- Record excerpts
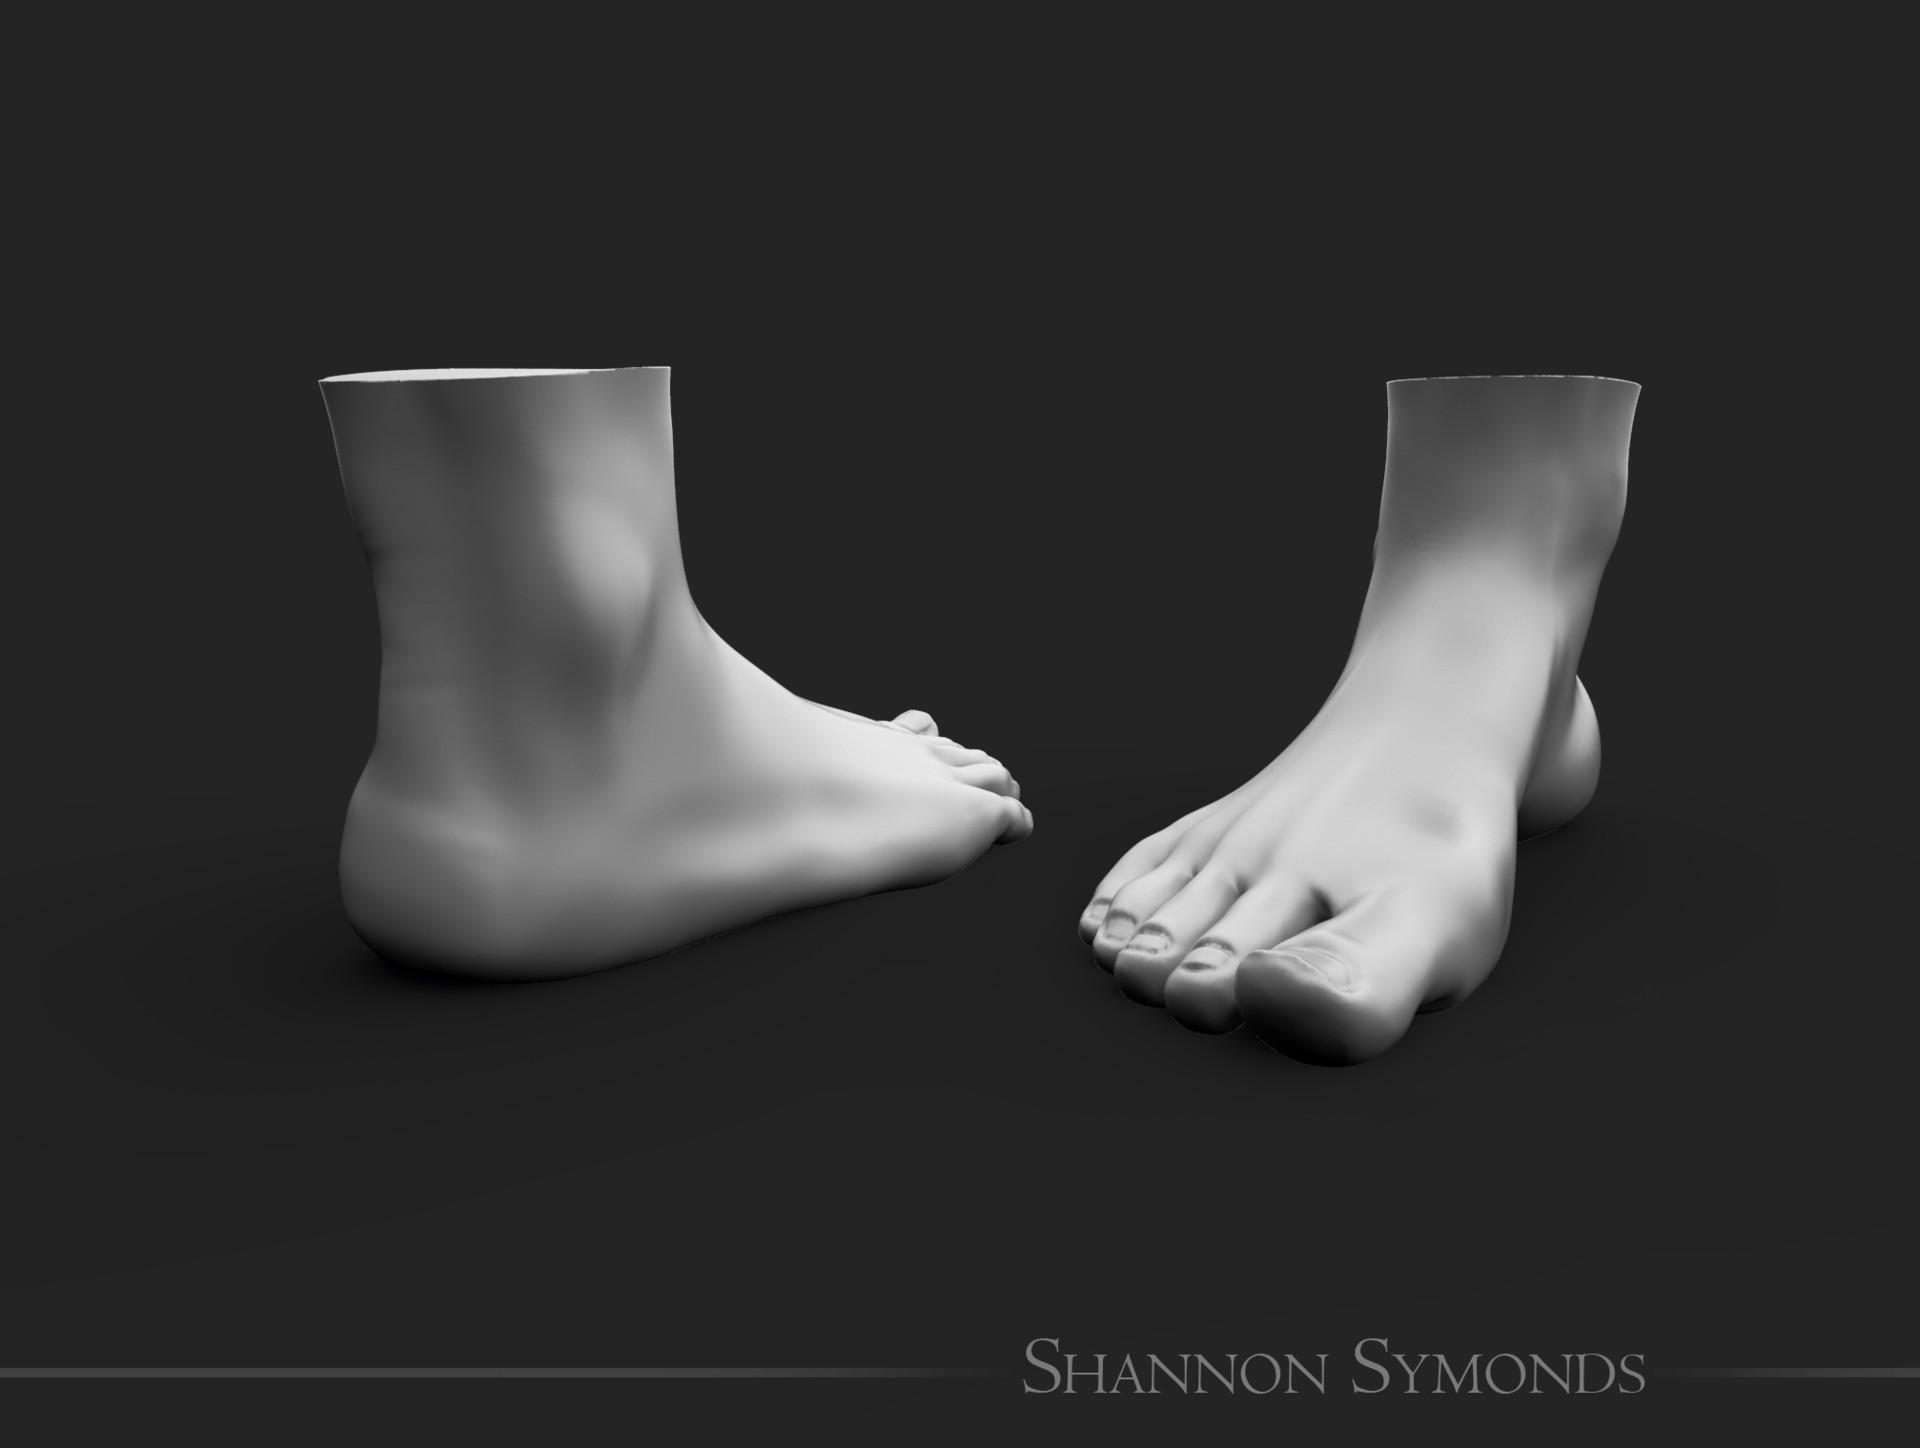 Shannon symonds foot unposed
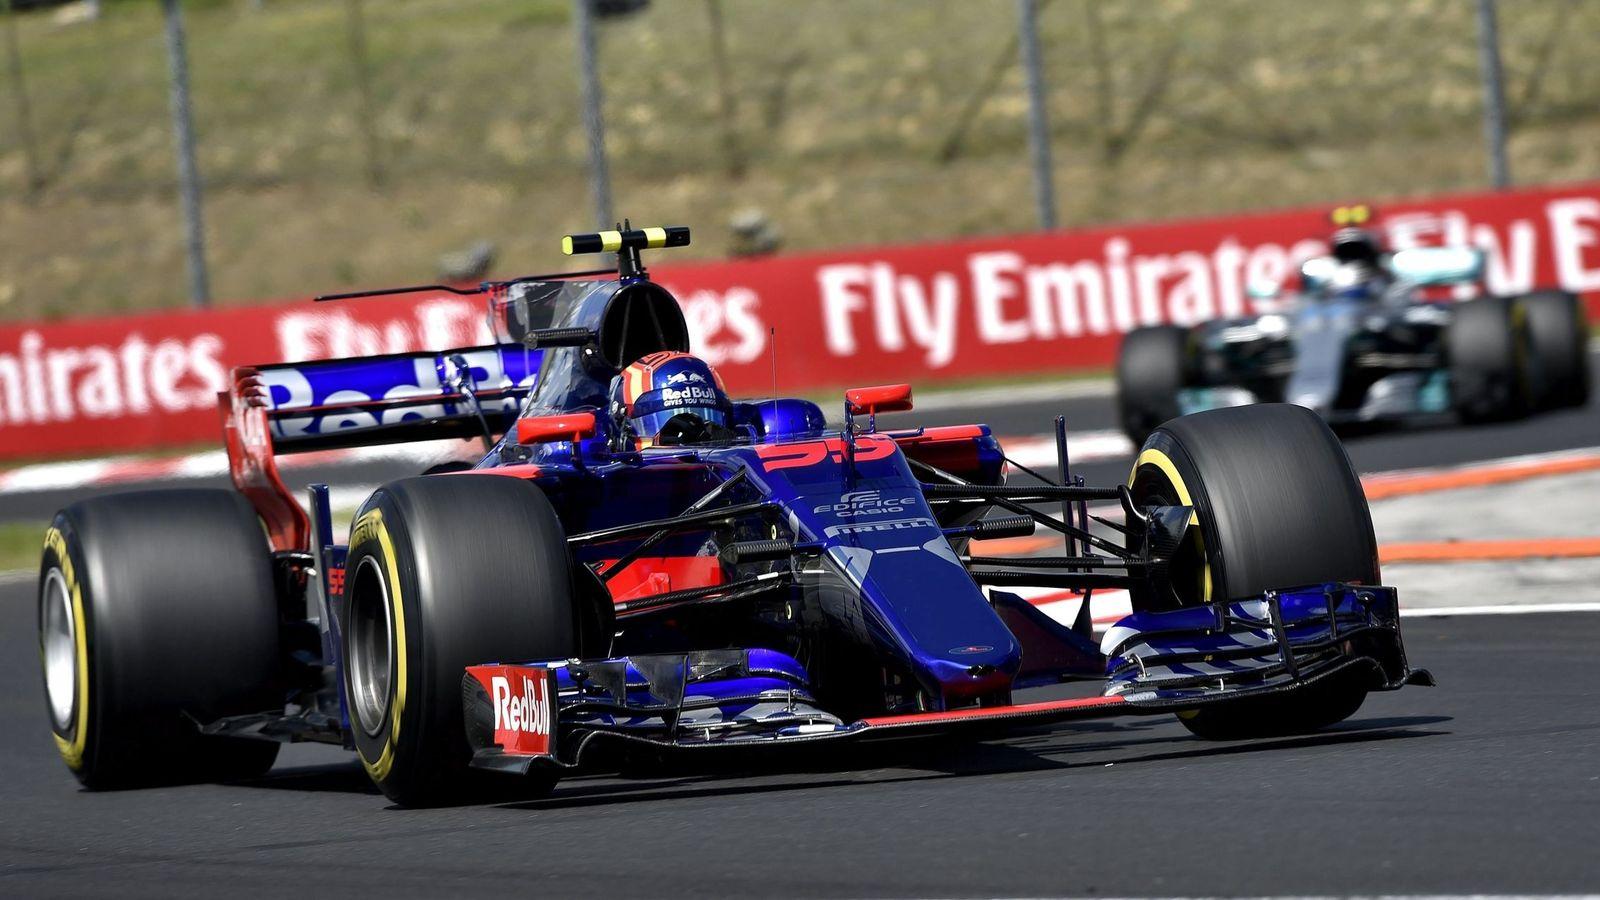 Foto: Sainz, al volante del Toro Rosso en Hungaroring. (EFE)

==

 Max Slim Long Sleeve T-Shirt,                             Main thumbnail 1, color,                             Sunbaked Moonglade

- Task goal
From the data above, retype only the lines starting with the line with "Shannon symonds foot unposed" and going on through the line with "Foto: Sainz, al", exactly, leaving out the pictures.

- Finished task
 Shannon symonds foot unposed
 Foto: Sainz, al volante del Toro Rosso en Hungaroring. (EFE)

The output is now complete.